= The Reform Institute =

American think tank

The Reform Institute was an American non-partisan, not-for-profit think tank based in Alexandria, Virginia, that described itself as centrist oriented. The major policy areas the institute focused on are energy and environmental policy, homeland and national security, economic opportunity and competitiveness, immigration reform, and governance and election reform.

The institute was criticized during the 2000 decade as an extension of Senator John McCain's political ambitions. The New York Times described the institute in this fashion: "In a small office a few miles from Capitol Hill, a handful of top advisers to Senator John McCain run a quiet campaign. They promote his crusade against special interest money in politics. They send out news releases promoting his initiatives. And they raise money--hundreds of thousands of dollars, tapping some McCain backers for more than $50,000 each."

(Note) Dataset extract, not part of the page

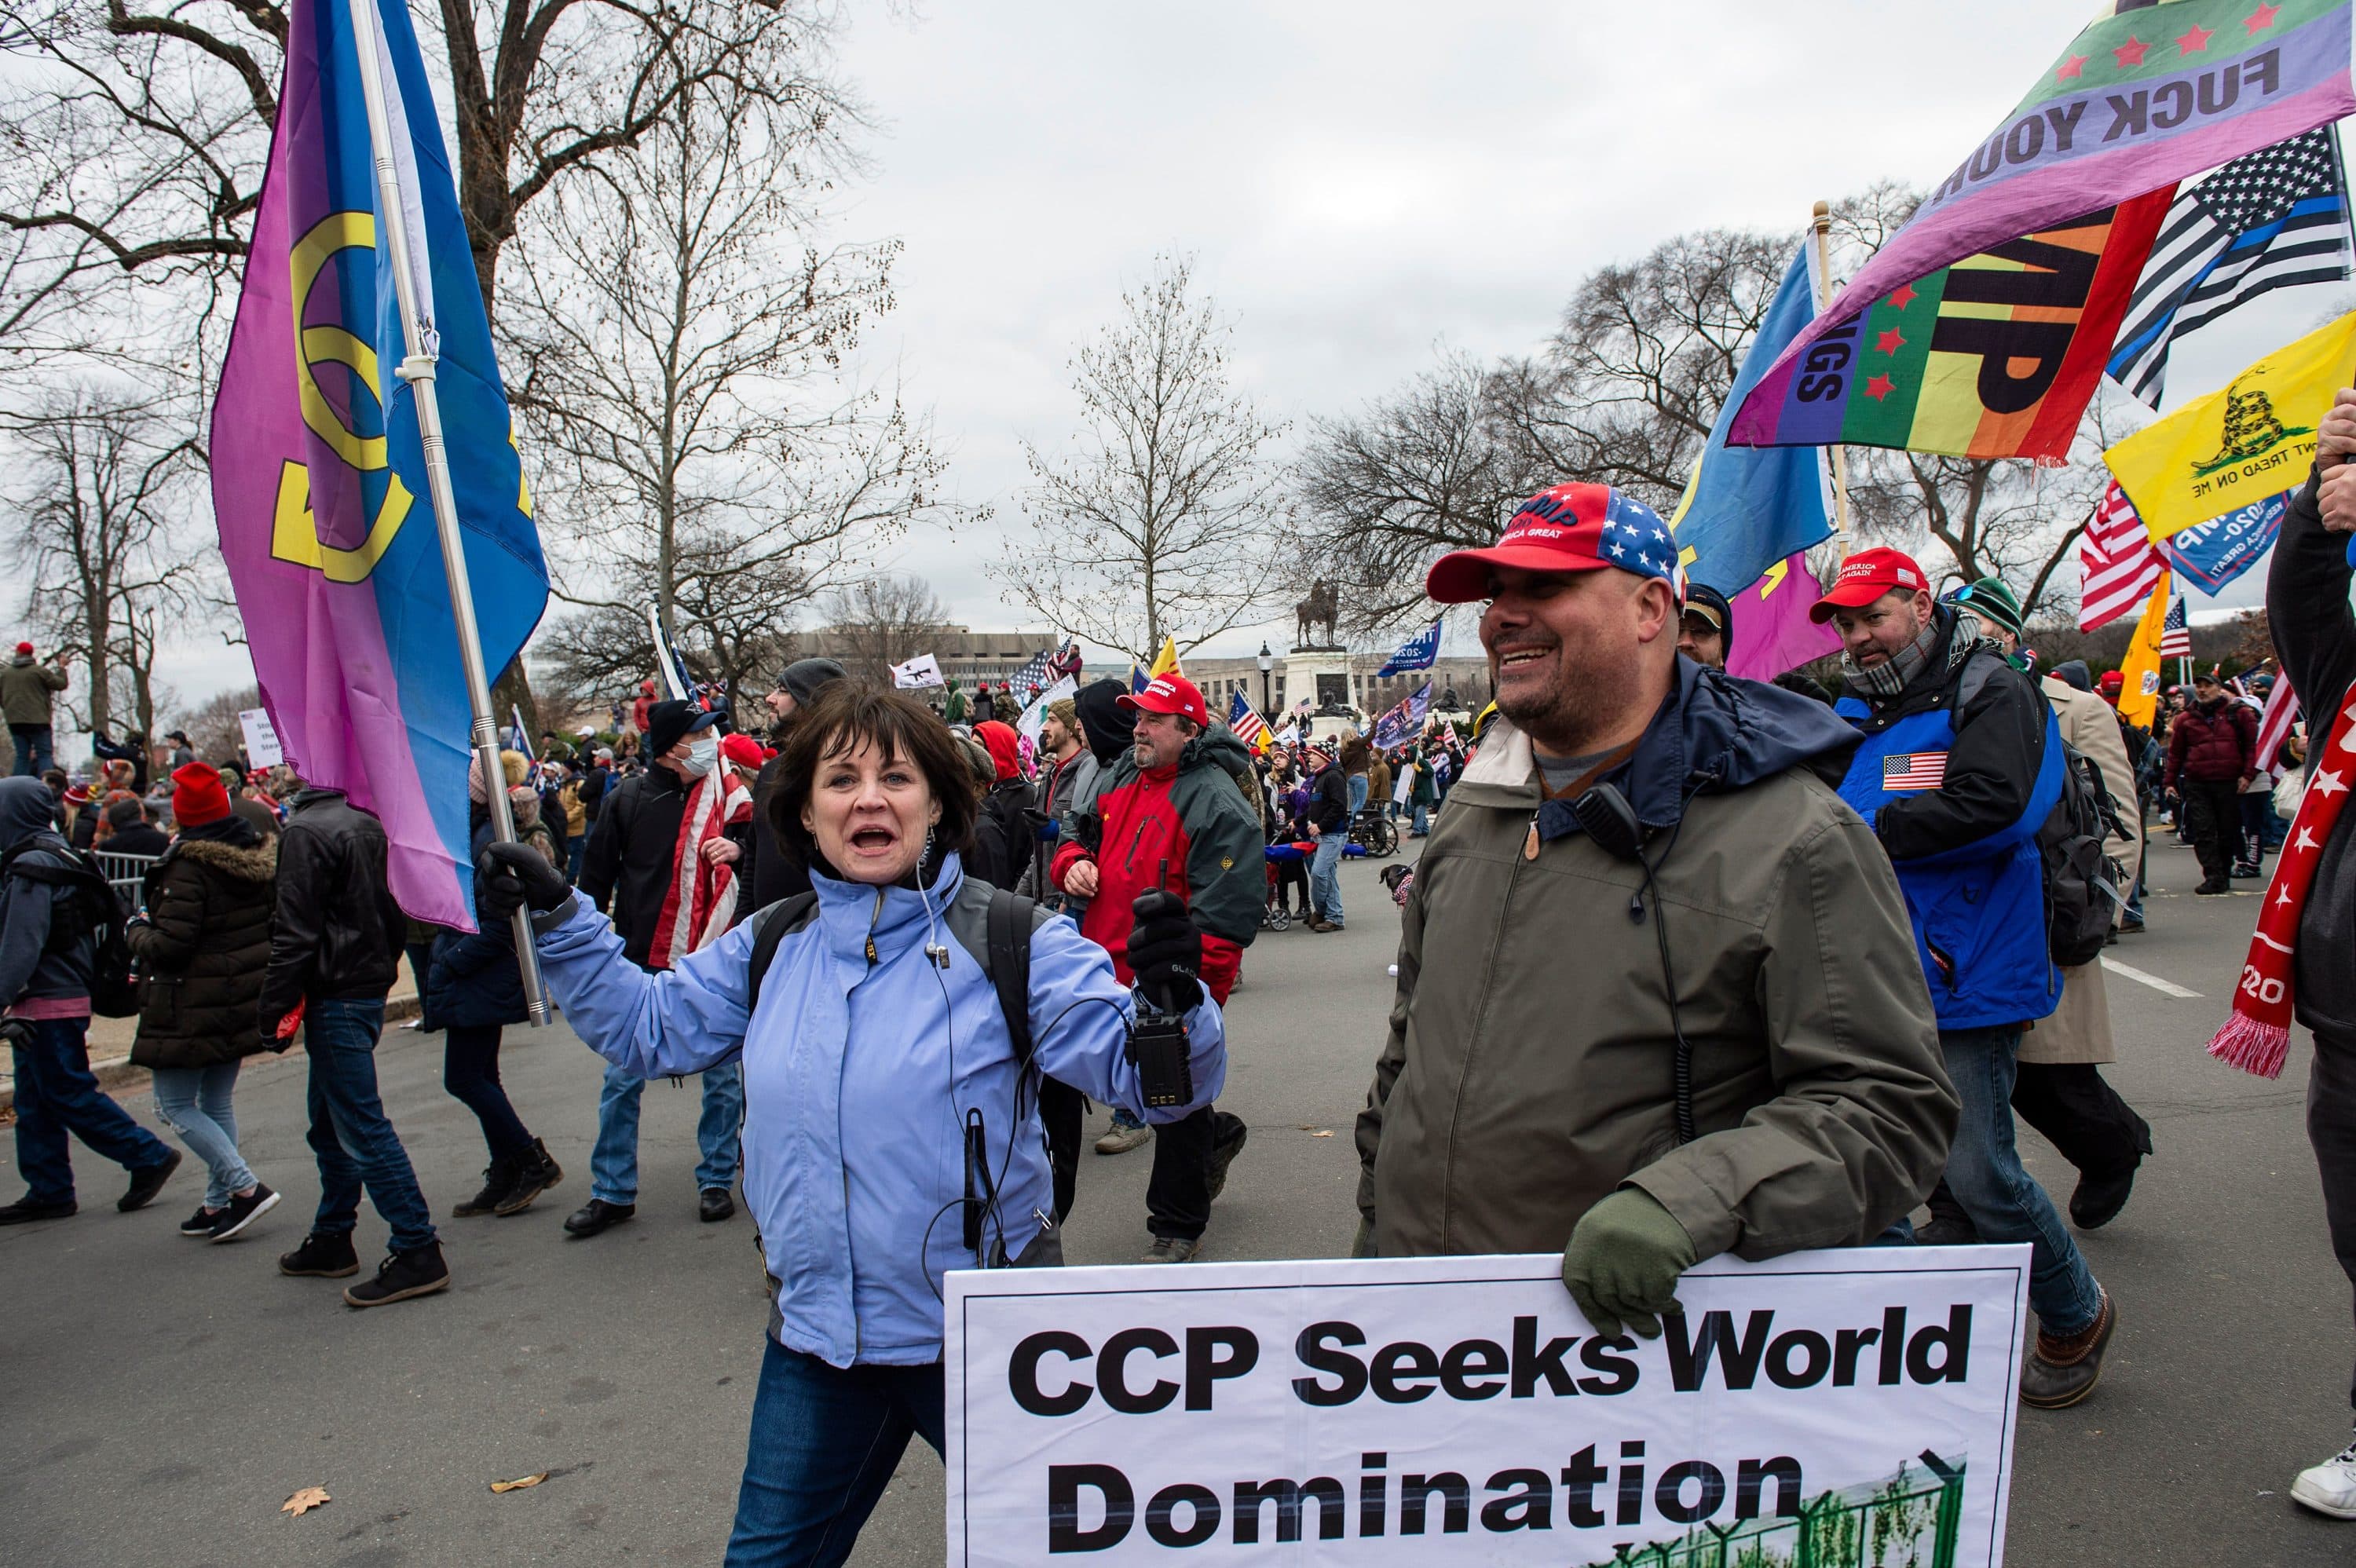 Natick Town Meeting member Suzanne Ianni and Mark Sahady march through the streets of Washington, D.C., before they allegedly stormed the Capitol building on Jan. 6. (Joseph Prezioso/AFP via Getty Images)

As of April, 2011, the Reform Institute's web page was no longer active and links to it were broken. The institute did not file form 990 with the Internal Revenue Service for 2009.

== Background ==
The Reform Institute was launched in 2001 and grew from the movement to challenge campaign finance practices such as unlimited and undisclosed "soft money" donations. The initial bipartisan honorary co-chairs of the institute's advisory committee were Senator John McCain (R-AZ) and former Senator Robert Kerrey (D-NE). Senator McCain served in the position from 2001–2005. Senator Kerrey was associated with the committee until 2008.

The institute was a part of the broad coalition that successfully secured passage of the Bipartisan Campaign Reform Act of 2002 – also known as McCain–Feingold – the campaign finance reform legislation that among other things prohibited soft money contributions. The institute then turned its focus to defending the law against constitutional challenge and ensuring that it was properly enforced by advocating for the restructuring of the Federal Election Commission (FEC) and calling for regulation of 527 groups operating outside the law's soft money ban.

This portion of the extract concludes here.